The above results show that in Examples that satisfy all the provisions of the present invention, the electrical conductivity of the electrode is improved, the resistance of the electrode is lowered, and the use efficiency of cation species is improved as compared to Comparative Examples that do not satisfy the provisions of the present invention. In particular, even when positive electrode active materials, in which the presence of water has a more significant effect on the performance (in this application, positive electrode active materials with relatively low nickel content), the electrical conductivity of the electrode is improved, the resistance of the electrode is lowered, and the use efficiency of cation species is improved.

Claims

1: An additive for nonaqueous electrolyte secondary battery positive electrodes, the additive comprising:

a carbonaceous material having a specific surface area as determined by a BET method of from 1,000 m2/g to 2,000 m2/g, a micropore volume as determined by a DFT method of less than 0.60 cm3/g, and an oxygen content as measured by elemental analysis of 0.5% by mass or more and less than 1.3% by mass.

2: The additive according to claim 1, wherein a percentage of the oxygen content in quinone groups as measured by Boehm titration of surface functional groups with respect to the oxygen content as measured by the elemental analysis is from 30% to 70%.

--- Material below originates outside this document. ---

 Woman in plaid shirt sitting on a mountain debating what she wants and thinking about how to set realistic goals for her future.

3: The additive according to claim 1, wherein the carbonaceous material has an average particle size of from 2 μm to 20 μm.

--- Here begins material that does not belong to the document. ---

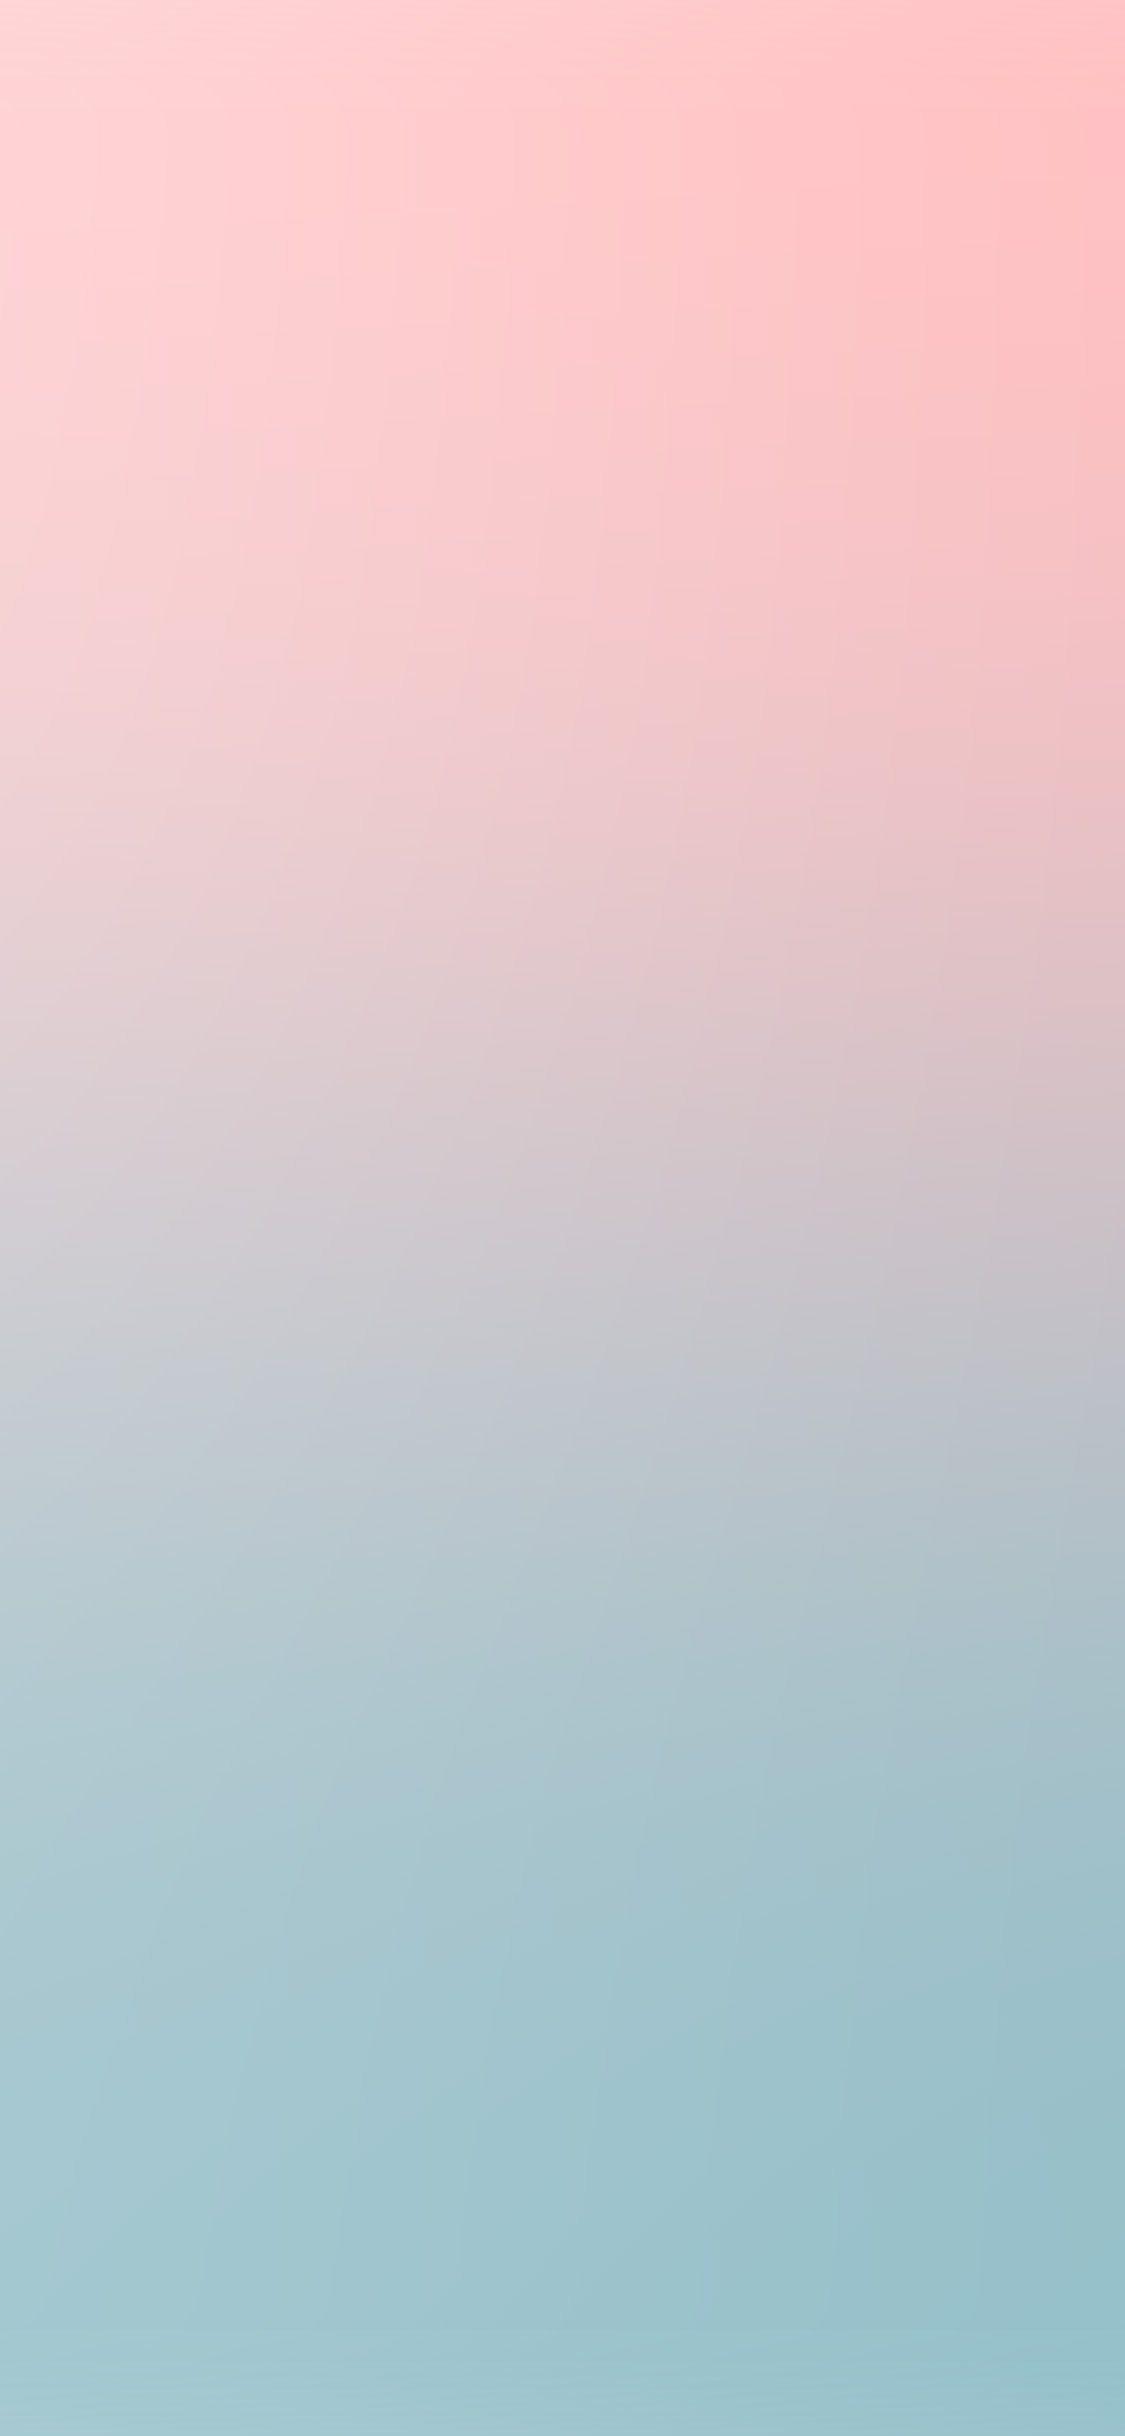 IPhonexpapers.com Apple IPhone Wallpaper Sm07 Pink Blue Soft Pastel Blur Gradation. Pastel Background Wallpaper, Abstract Photographs, Ombre Wallpaper Iphone

4: The additive according to claim 1, wherein a mesopore volume of the carbonaceous material as determined by the DFT method is 0.35 cm3/g or less.

5: A positive electrode active material composition for nonaqueous electrolyte secondary batteries, the positive electrode active material composition comprising:

the additive according to a m claim 1,

a positive electrode active material, and

a binder.

6: The positive electrode active material composition according to claim 5, wherein an amount of the additive contained with respect to a total mass of the positive electrode active material composition is 10% by mass or less.

7: A positive electrode for nonaqueous electrolyte secondary batteries, the positive electrode comprising:

a positive electrode active material layer composed of the positive electrode active material composition f according to claim 5, and

a collector.

8: A nonaqueous electrolyte secondary battery, comprising:

the positive electrode according to claim 7.

9: The nonaqueous electrolyte secondary battery according to claim 8, which operates at 2 V to 5 V.